The history of the hotel "Intourist" begins on July 1, 1954, when, on the orders of the Minister of Foreign Trade of the USSR No. 326 Rostov-on-Don, the agency VAO "Intourist" was organized, to which "a meeting of foreign delegations and individual foreigners arriving in the city, and also performance of other tasks of the Center for servicing foreign clients" was entrusted. There were only 3 people in the agency staff: a manager, a driver and an inspector.

By 1955, the influx of visitors to the city had increased to 3,000 people, coming mainly from Bulgaria, France, the United States and the GDR. Despite the growing need for hotel services, there was only one “Don” hotel in the city, where 65 hotel rooms were allocated to foreign guests, only 8 rooms were equipped with bathrooms.

In 1966, the Department for Foreign Tourism under the Council of Ministers of the approved technical documentation for the construction of the hotel "Intourist" in Rostov-on-Don. In October 1972, the building of the complex was to be completed. In the same month in the newspaper "Evening Rostov" an advertisement was published on the employment for 12 professionals to Intourist.

17 July 1973 is the birthday of the hotel "Intourist" in Rostov. On this day, the State Commission adopted the 17-storey hotel complex "Intourist" on , 115. The order of Glavintourist No. 184 of July 26, 1973 declared: "Transfer the hotel Intourist with 507 places and a power supply unit for 792 places to balance of the Intourist branch in the region. To consider the hotel "Intourist" in Rostov-on-Don put into operation on July 17, 1973."
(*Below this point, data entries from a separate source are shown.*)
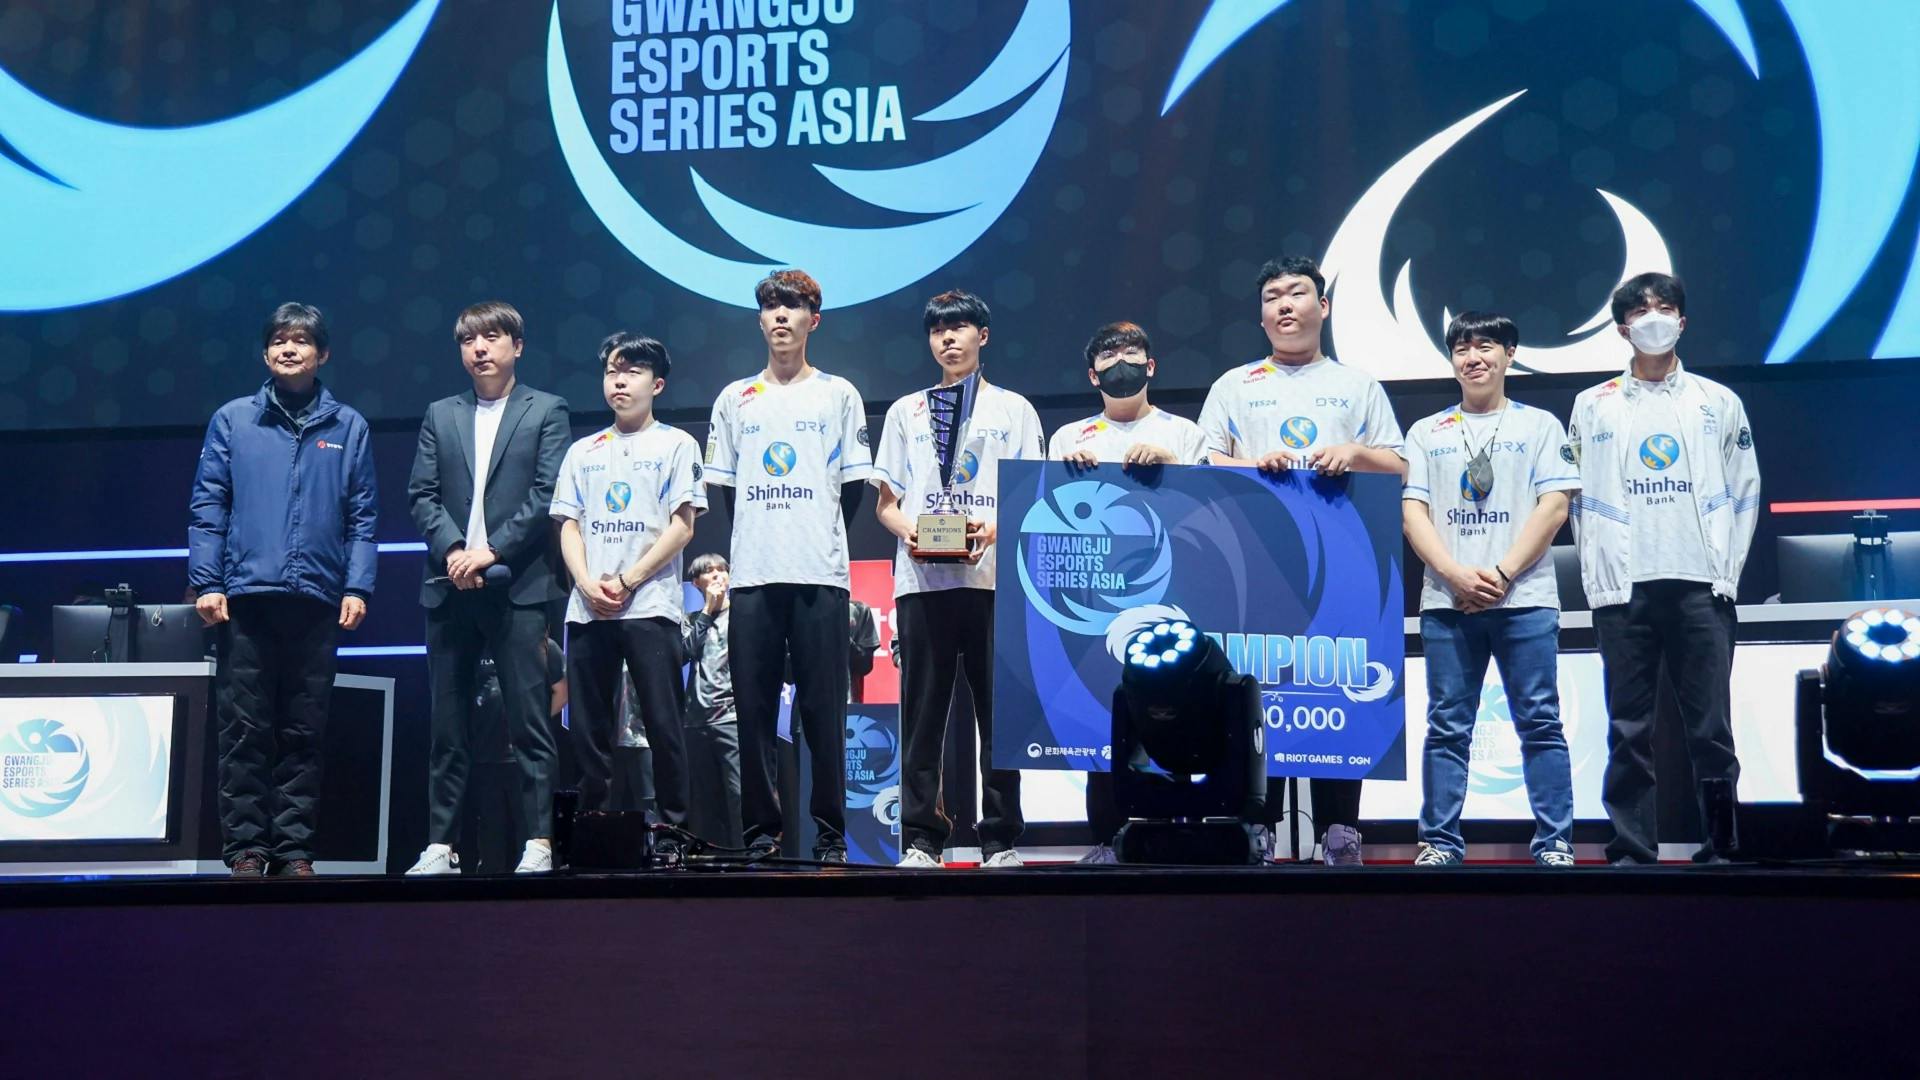 VCT Pacific Pre-Show: DRX lifts the Gwangju Esports Series Asia trophy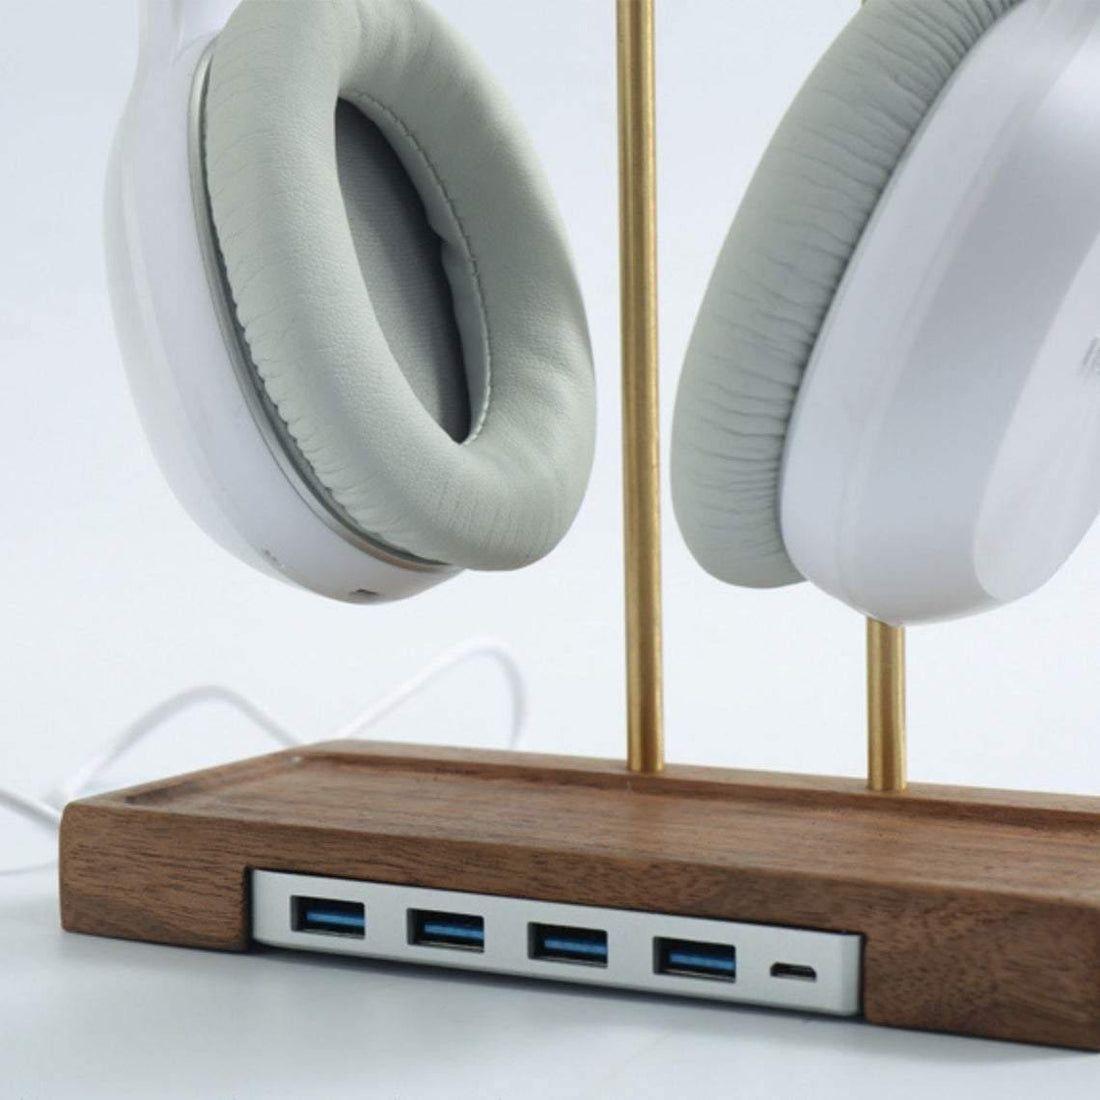 Stylish Earphone Stand with USB Ports - iWoodStore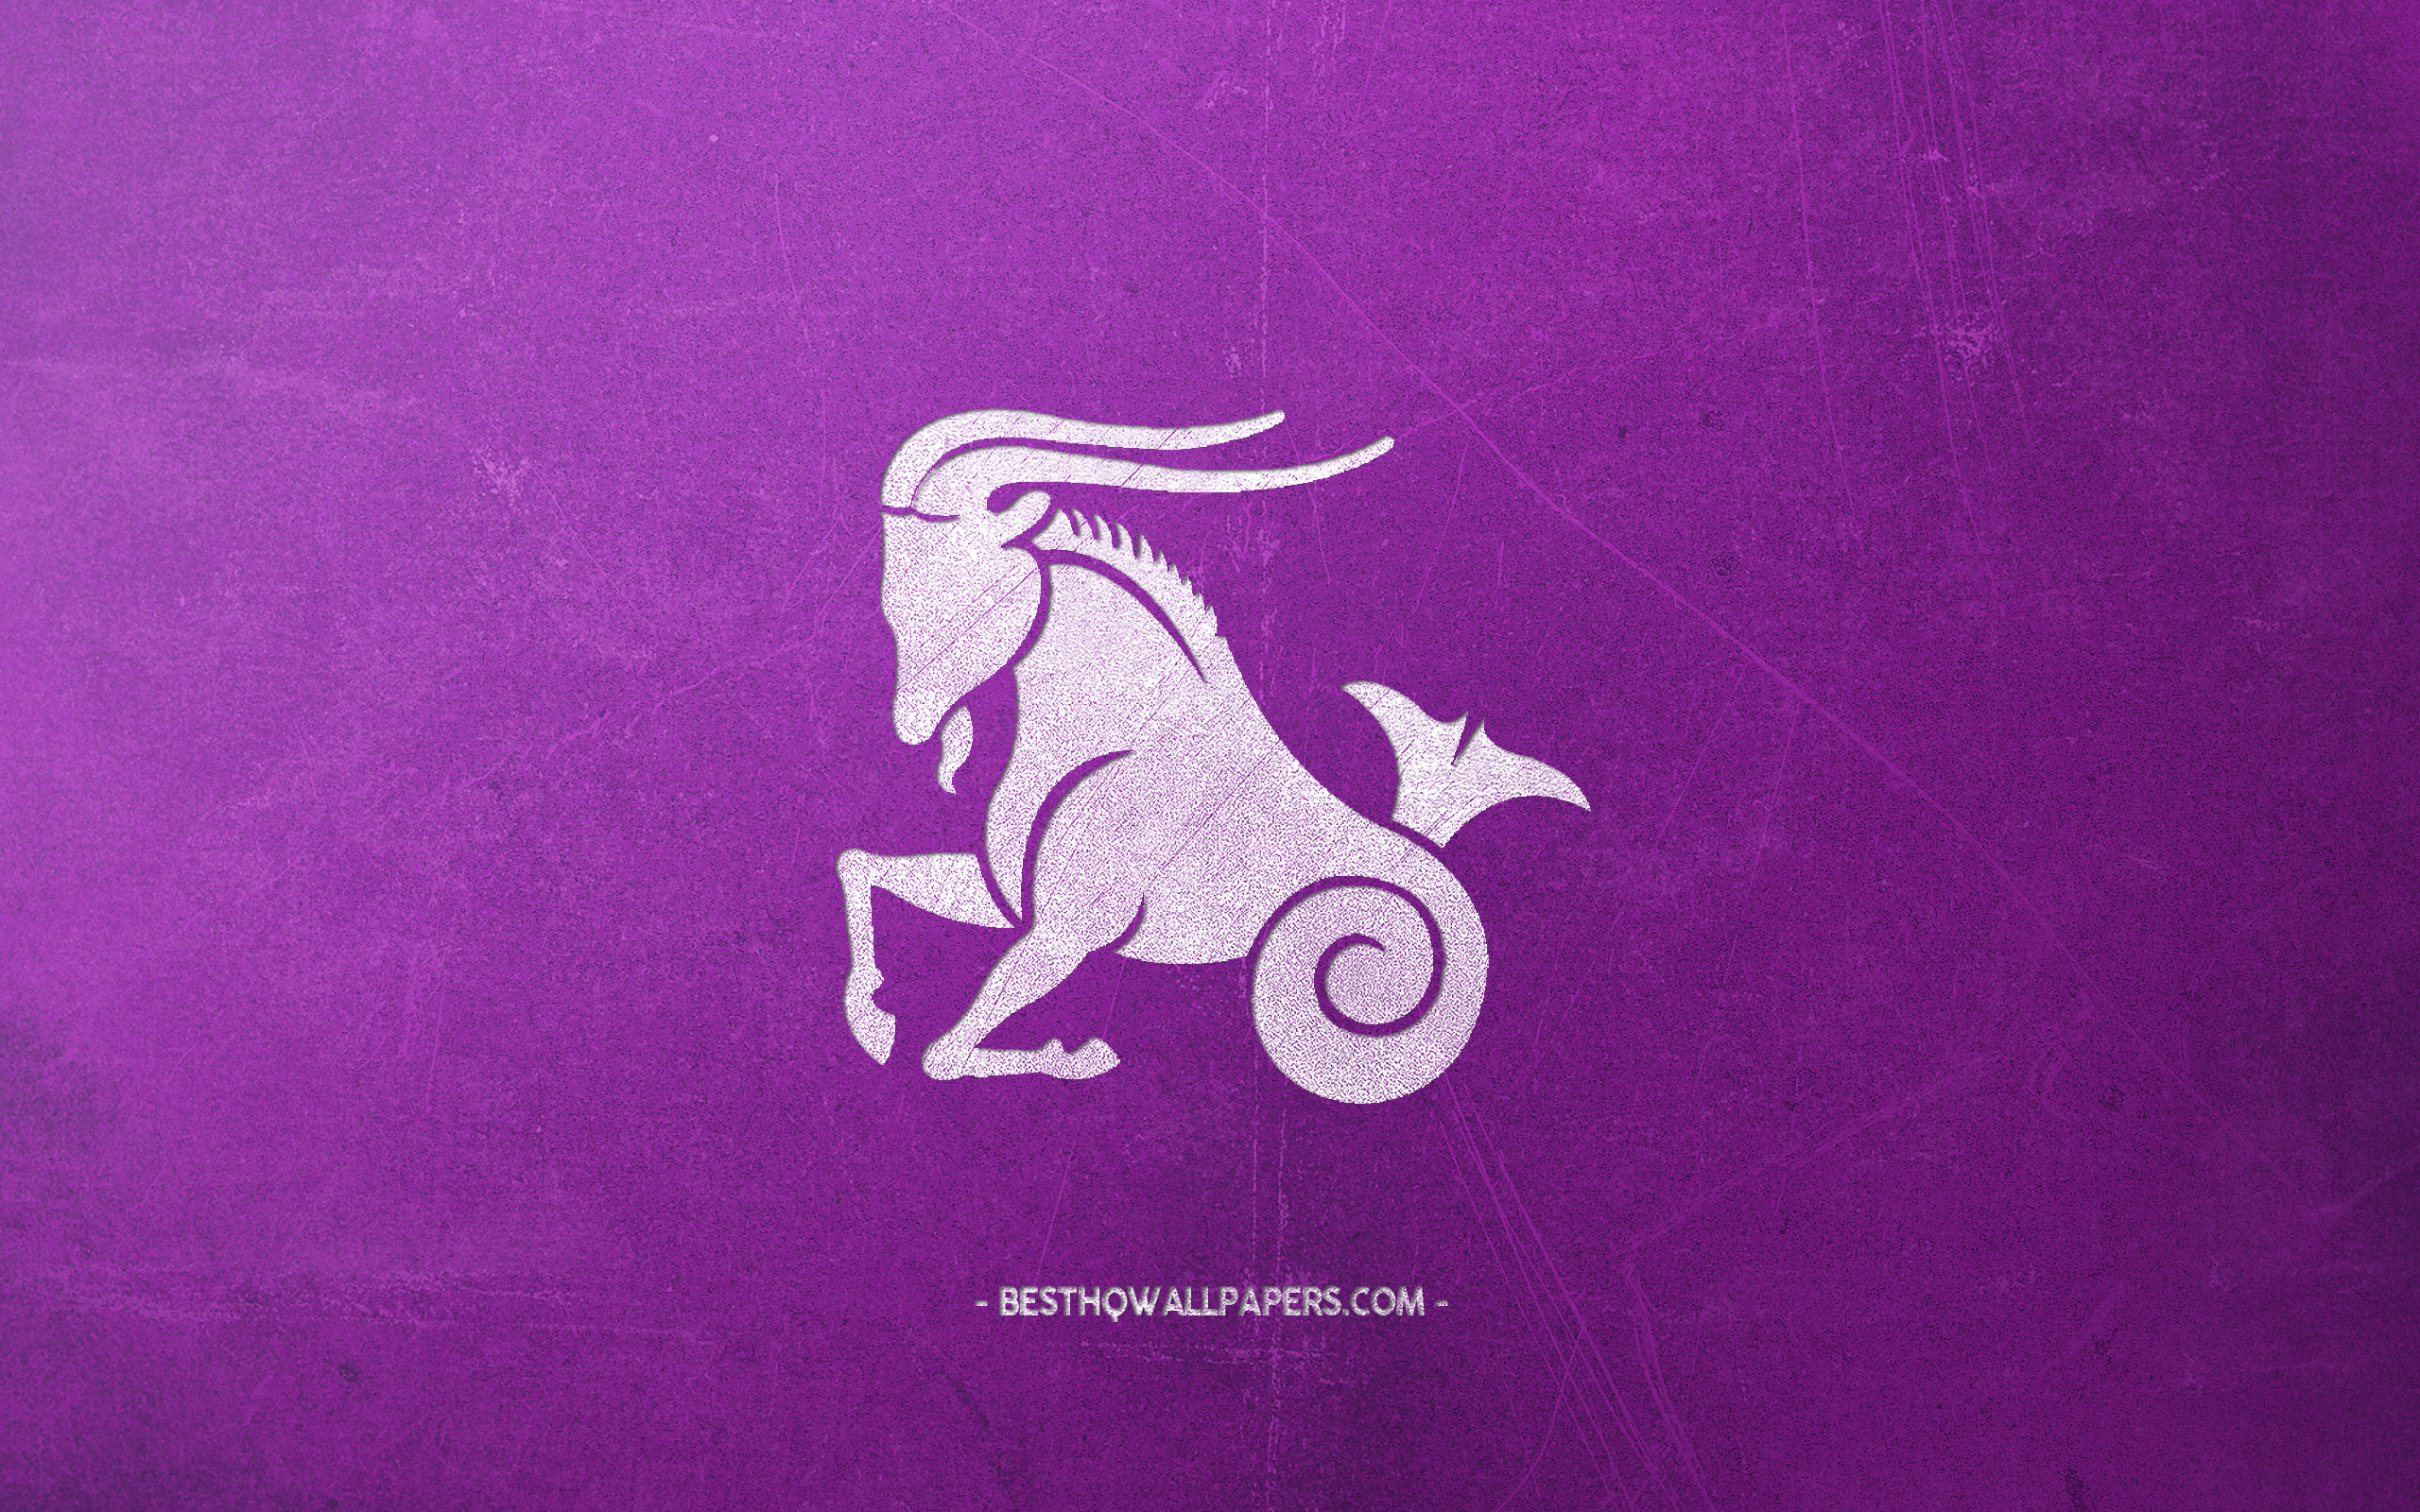 Download wallpaper Capricorn zodiac sign, purple retro background, Capricorn Horoscope sign, retro style, creative art, zodiac signs, Capricorn for desktop with resolution 2560x1600. High Quality HD picture wallpaper

In 1974, the author of the project L.Pushkova, the chief architect V.I. Simonovich and the head of UNR-112 Y.Y. Kostenko were awarded the State Prizes of the RSFSR.

As a result of the privatization of state property in 1992, JSC "Intourist in the city of Rostov-on-Don" was established on the basis of the hotel complex. The overall economic decline in the country has had a negative impact on tourism activity. The flow of foreign guests has decreased significantly, and the hotel complex has increasingly deteriorated. The idea of reforming Intourist into an office building was becoming more and more relevant. The emerging economic stabilization in the region has determined the reorientation of the hotel to business tourists. In 2004, Intourist experienced reconstruction, as a result of which conference halls and a business center appeared in the hotel. In 2007, the hotel, named Don-Plaza, received the official certificate of Rostourism for the assignment of the category "4 stars".

== Description ==
The hotel building is a high-rise sixteen-story building made of reinforced concrete, lined with aluminum, plastic, acoustic tiles.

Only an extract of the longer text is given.